Generic versions of Nexavar should be permitted for a number of reasons. Consider the facts.
The Patents Controller on March 12, 2012 had in a well-reasoned landmark order awarded the Hyderabad-based Natco Pharma a compulsory licence (CL) on sorafenib tosylate, an anti-cancer drug made by the patentee Bayer. Bayer had appealed against this order. The recent decision by the Chennai-based IPAB (Intellectual Property Appellate Board) upholds the order essentially validating the arguments of the earlier decision. Natco was refused voluntary licence by Bayer earlier, which made the grounds for issuing the CL stronger.
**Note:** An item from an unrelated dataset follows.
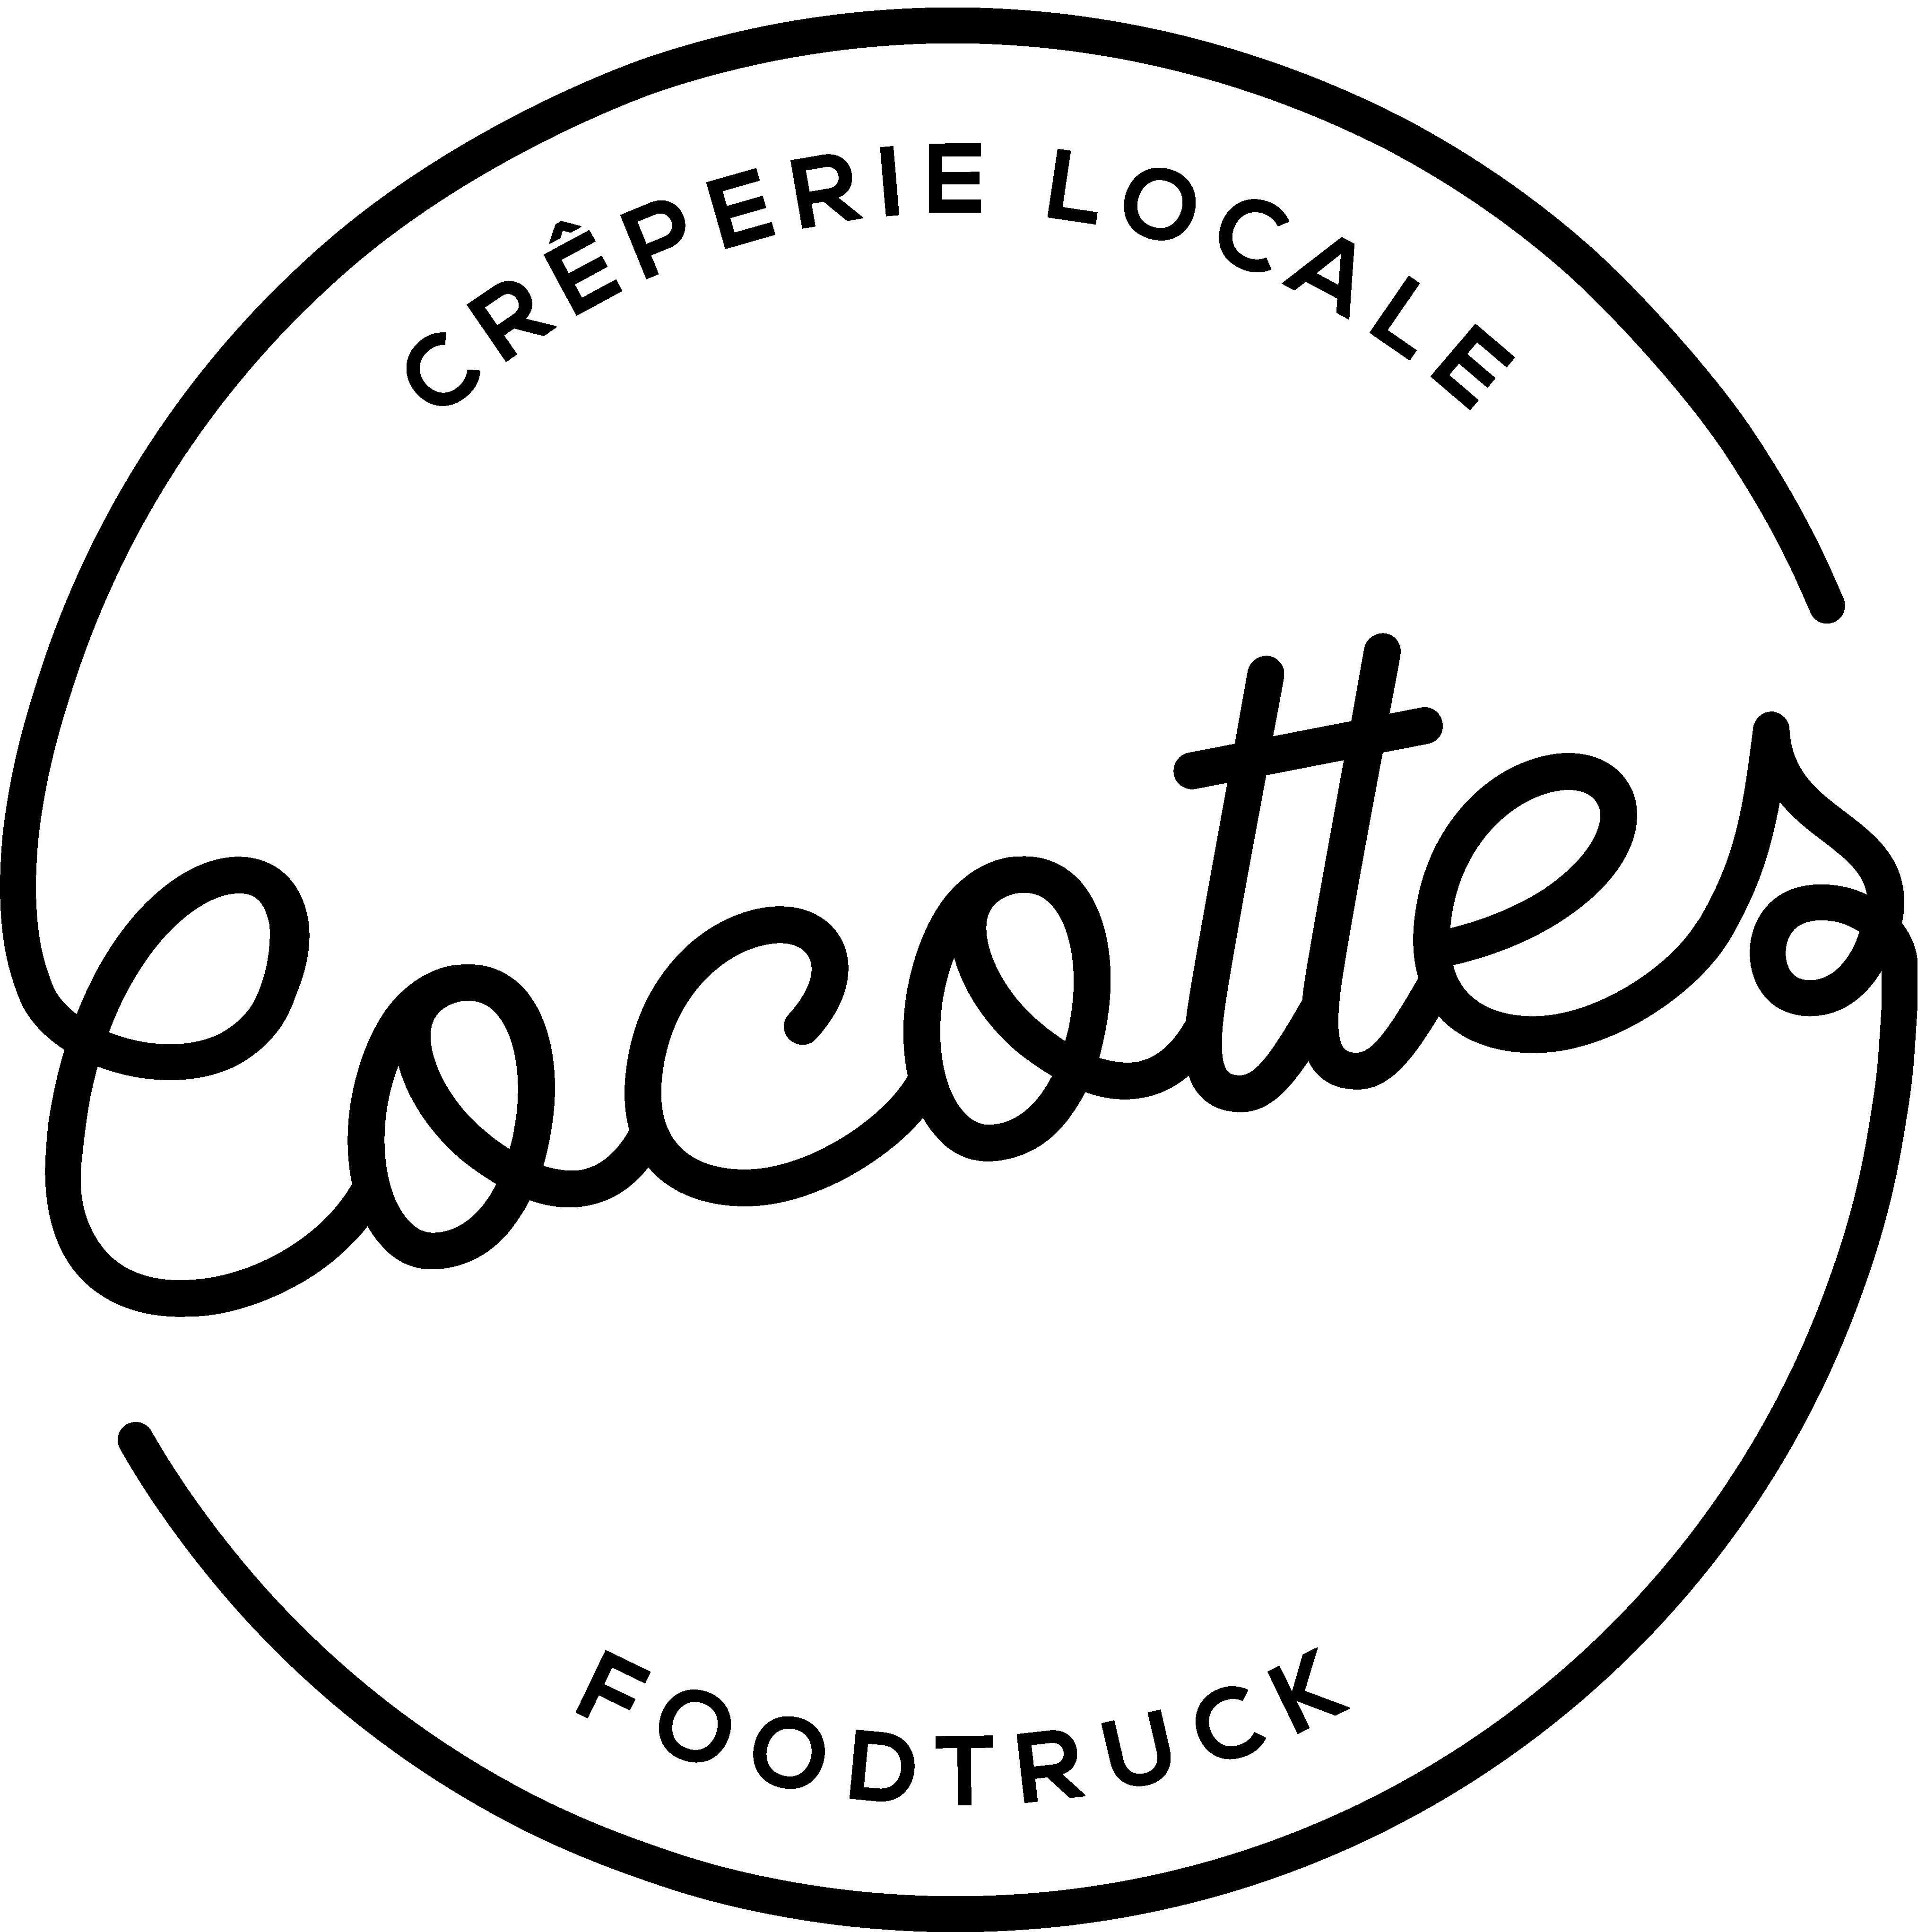 Crêperie Cocottes

The earlier order had relied on Section 84 (1) (a, b and c) of the Patents Act, which says after three years of grant of a patent, a CL can be issued to any applicant on any of the following grounds, namely: (a) that the reasonable requirements of the public with respect to the patented invention have not been satisfied, or (b) that the patented invention is not available to the public at a reasonably affordable price, or (c) that the patented invention is not ‘worked’ (manufactured to some satisfactory extent) in the territory of India.
Bayer’s branded version of sorafenib, Nexavar, cost the patient Rs 2.80 lakh per month for 120 tablets (or Rs 33.65 lakh per year), whereas the generic version of the same was being offered by Natco for Rs 8,880 for a month’s dosage. Cipla which was marketing the drug at a price that cost the patient around Rs 30,000 for a month’s dosage, reduced the price such to less than Rs 7,000 per month. Clearly, the Bayer version of sorafenib was overpriced and hence deemed unaffordable.
The IPAB also concurred that reasonable requirements of the public were not satisfied nor the patent worked within India. The term ‘working the patent’ is not defined in the Patents Act. The IPAB has admitted ‘working’ could mean importation in some circumstances. But it is not clear why Bayer could not make the drug in India, if Natco and Cipla could.
CLs are, let us be clear, well within the TRIPS and Doha Agreements. One would urge the Government of India to issue CLs on all such useful drugs such as the anti-cancer drugs — trastuzumab, ixabepilone and dasatinib — and many others for AIDS, etc. instead of going about it piecemeal (as apparently advised by the Department of Industrial Policy and Promotion). They are all as a class unaffordable. A Department of Pharmaceuticals committee has come out with a formula for price negotiation for patented drugs.
The formula they have proposed is illogical. And more importantly, once we agree to price negotiation, the logic of issuing CLs becomes weak. Indeed it is a move calculated to kill, defacto if not dejure, the law on granting CLs.
The author is with LOCOST and All India Drug Action Network.